Но при этом я больше не была уже им сестрой, но стала для них дочерью, которую они создали с помощью своей магии и своей любви. Любовь моих матерей оказалась такой сильной, что они стремились защитить меня буквально от всего и неукоснительно, настойчиво продолжали заниматься этим изо дня в день, из года в год. Сеяли вокруг себя разрушения и хаос, разносили в щепки всё и вся, что оказывалось у них на пути и, как им казалось, мешало защищать меня. Их любимую, драгоценную Цирцею.
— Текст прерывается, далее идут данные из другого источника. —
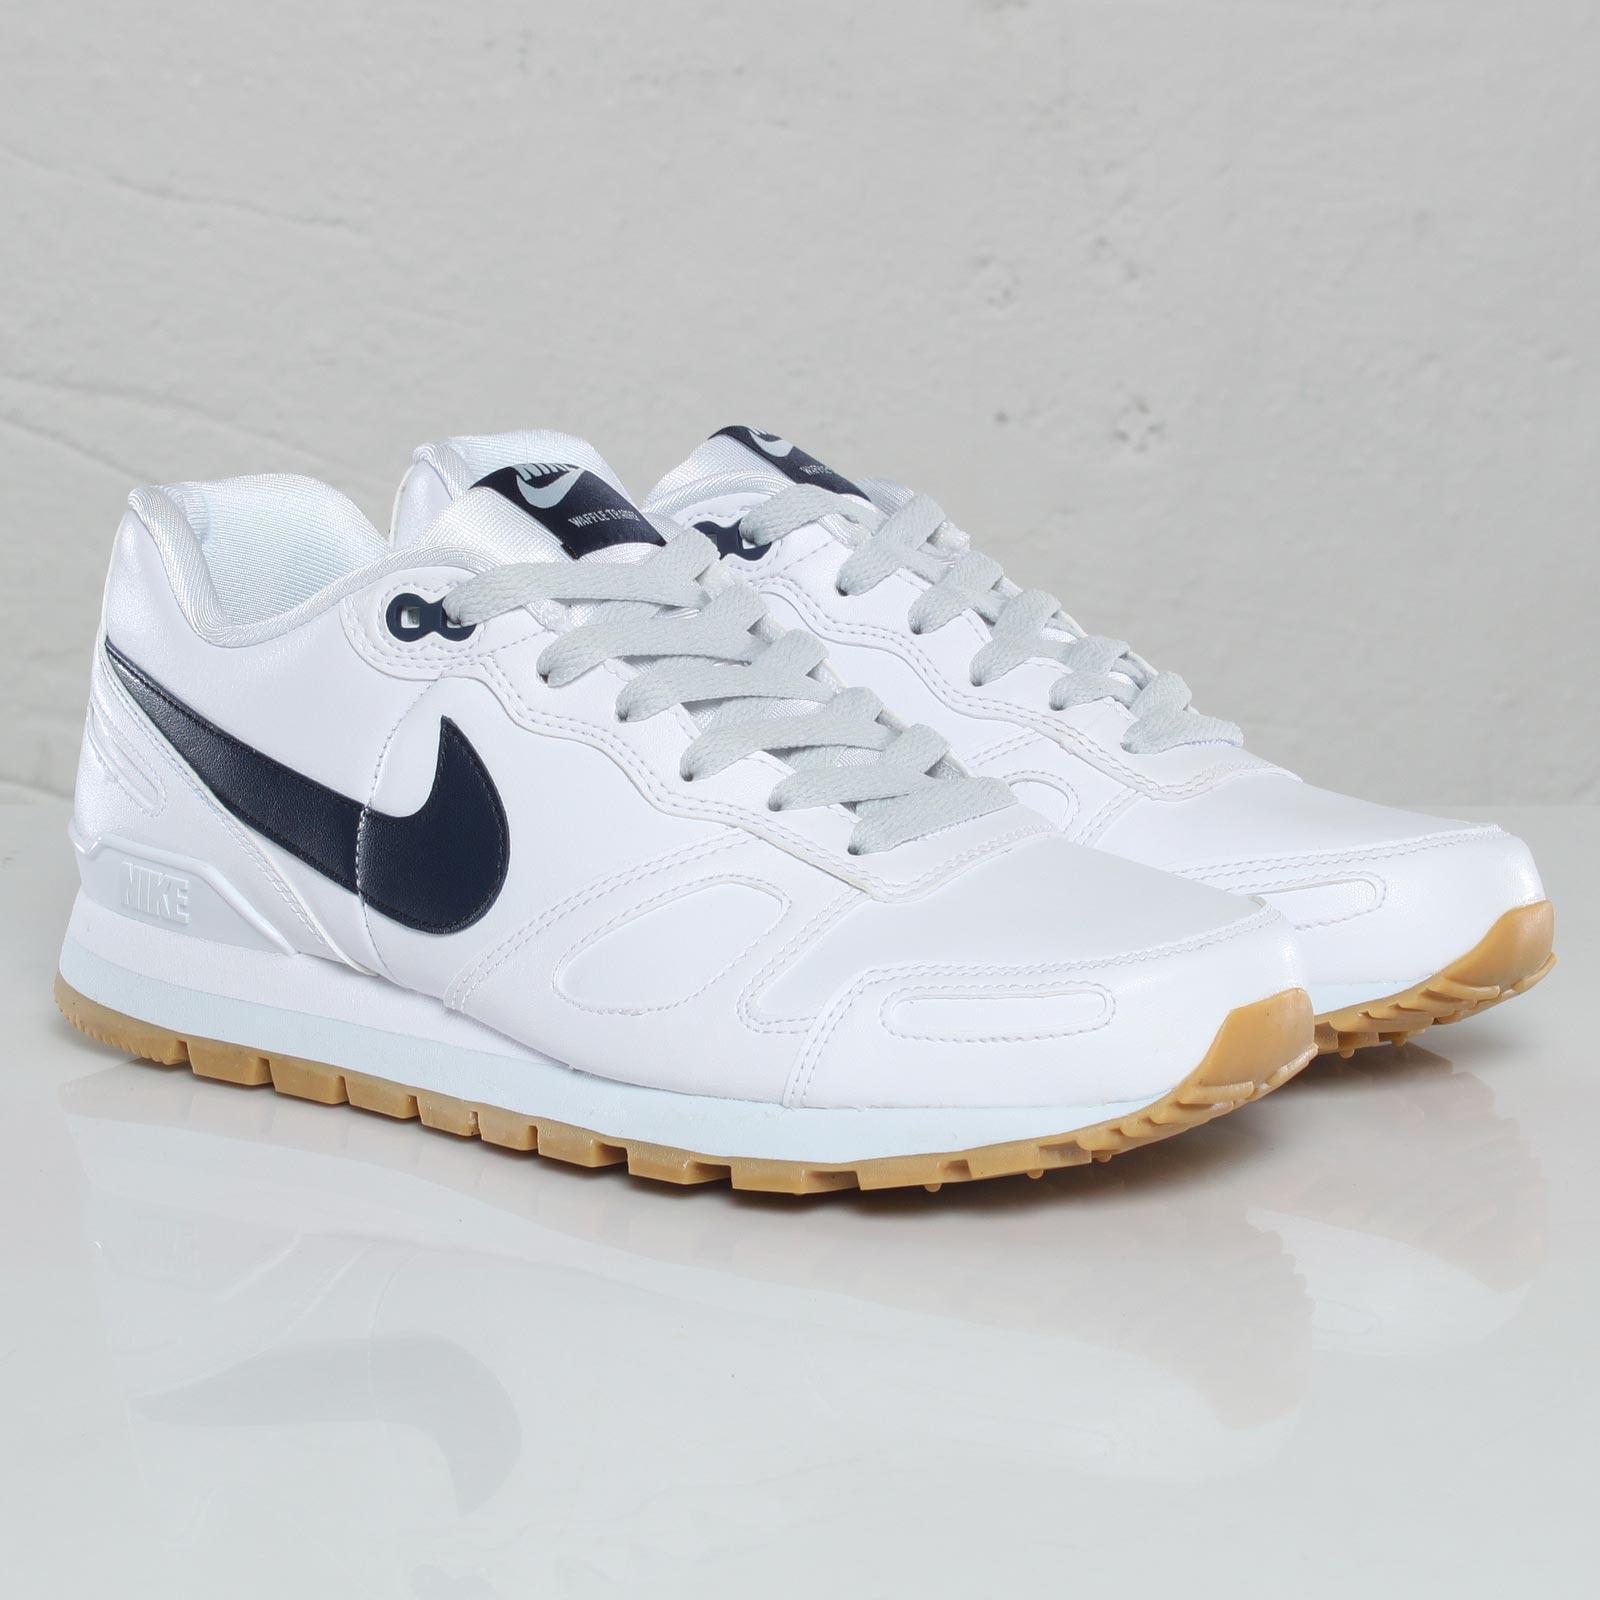 vegetariano retirarse Sinceridad  Nike Air Waffle Trainer Leather - 108936 - Sneakersnstuff   sneakers &  streetwear online since 1999

Честно говоря, я очень долго думала, что они мои сёстры. Старшие сёстры, которые так старательно присматривают за мной, своей младшенькой, оберегая меня от малейших опасностей. Считала, что они вынуждены это делать хотя бы уже потому, что у нас не было родителей, с которыми, как мне казалось, случилось что-то ужасное. Настолько ужасное, что Люсинда, Руби и Марта никогда не рассказывали мне о наших маме и папе. Никогда. Ни слова. А если я сама пыталась завести такой разговор, они отказывались его продолжать и говорили, что защищают меня от правды, которую мне не следует знать. А правда-то как раз и заключалась в том, что Люсинда, Руби и Марта были мне матерями. Сразу все трое.
Должна признаться, что расти под присмотром сразу трёх заботливых, стремящихся оградить меня от всего на свете матерей было очень непросто. Но с другой стороны, их любовь и готовность делиться всеми секретами своей магии очень быстро и рано сделали из меня сильную колдунью. Уже в очень юном, почти детском возрасте я умела проделывать такие волшебные трюки, которые далеко не каждой взрослой ведьме по зубам. Мои матери постоянно повторяли, что мой магический дар по силе превосходит даже их собственный, а они, как вы помните, были самыми могущественными ведьмами на целом свете. Став постарше, я поняла, что они, должно быть, правы, потому что в детстве даже сама постоянно удивлялась тому, с какой лёгкостью мне удаётся создавать заклятия и проделывать другие магические трюки. Но всё дело в том, что мне просто в голову тогда не приходило, что я волшебством при этом занимаюсь. Чаще всего кто-то другой обращал моё внимание на то, что я, сама того не подозревая, только что наложила заклятие или проделала ещё какой-нибудь колдовской фокус. Мои матери мне об этом чаще всего напоминали, и они же старались защитить меня от любых неприятностей, которые я могла сама себе причинить при этом.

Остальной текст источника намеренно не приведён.